With inflation no longer surprising on the downside and growth in many economies proving more resilient than feared, they seemingly have time on their side. Policymakers are waiting to become more confident that inflation will continue to head down to target on a sustainable basis before easing. Reading the data tea leaves is not getting any easier though: this is still a very complicated economic picture.
this is still a very complicated economic picture
On the growth side, there have been some green shoots in recent months. The US and India have outperformed again. Even in those parts of the world where data have disappointed for some time, including part of Europe and mainland China, the data are no longer getting worse, particularly in manufacturing. And there are early signs world trade may be picking up.

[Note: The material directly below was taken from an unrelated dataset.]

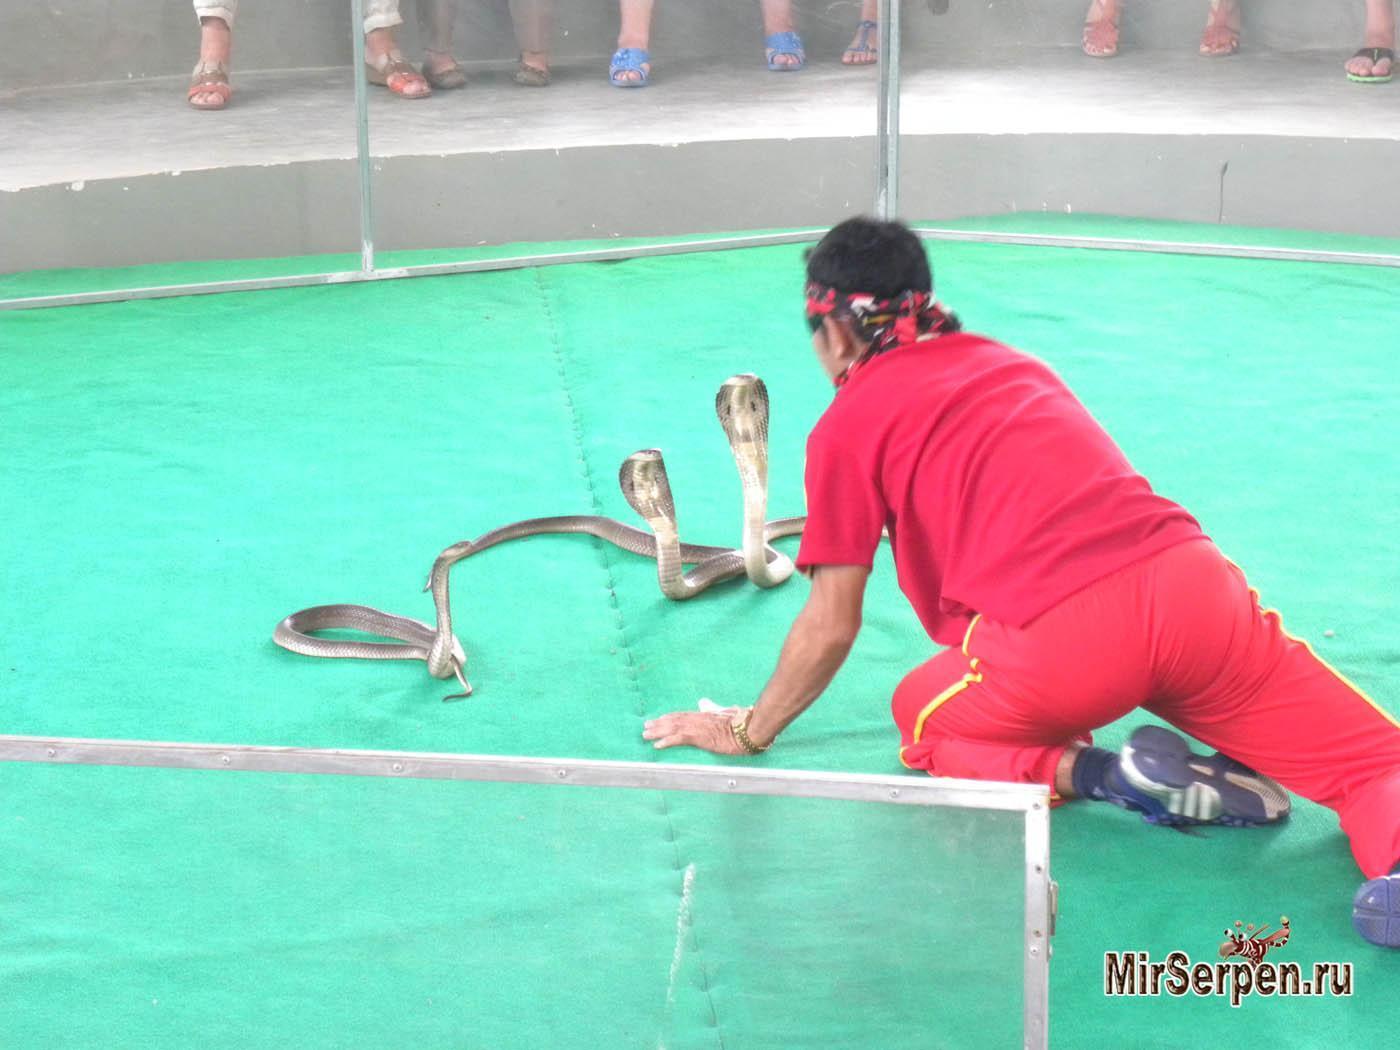 Шоу крокодилов и змей во Вьетнаме

But inflation data have been less positive, with services inflation sticky in advanced economies like the US and eurozone. There have been upside surprises in Latin America and parts of Asia too. Central banks are watching to see whether this is a “bump in the road” or something more concerning.
Meanwhile, the problems at New York Community Bank (NYCB) served as a reminder that high interest rates can still act as a catalyst for big problems long after policy rates stopped rising. And this is all happening against an overlay of geopolitical conflicts and tensions which could mean further surprises ahead.
In this uncertain world, maintaining policy credibility and anchoring inflation expectations is critical for any central bank. We expect the Fed, the ECB and the BoE to start cutting interest rates in June. But the easing cycle that follows could be just as unusual as the economic expansion and tightening cycle that preceded it.
Our forecasts
Most of our growth forecasts are virtually unchanged from three months ago, but with the familiar exception of the US where our growth forecast has once again edged a little higher, as has India’s. Hence, we have lifted our annual average global GDP growth forecast for 2024 to 2.6% (from 2.4%). We also see GDP growth of 2.6% in 2025. On inflation, too, our forecasts of only a gradual disinflation are much the same as at the start of the year. We anticipate global inflation of 5.8% in 2024, and 3.8% in 2025.
2.6%
Average global GDP growth forecast for 2024 (HSBC Global Research)
5.8%
Average global inflation forecast for 2024 (HSBC Global Research)
We admit, though, that there is even more uncertainty than usual about forecasts for next year given the possibility of escalation in geopolitical conflicts and the potential impact of elections in many parts of the world. Fiscal policy could also materially change the outlook. Difficult policy choices lie ahead for governments facing an array of new spending needs.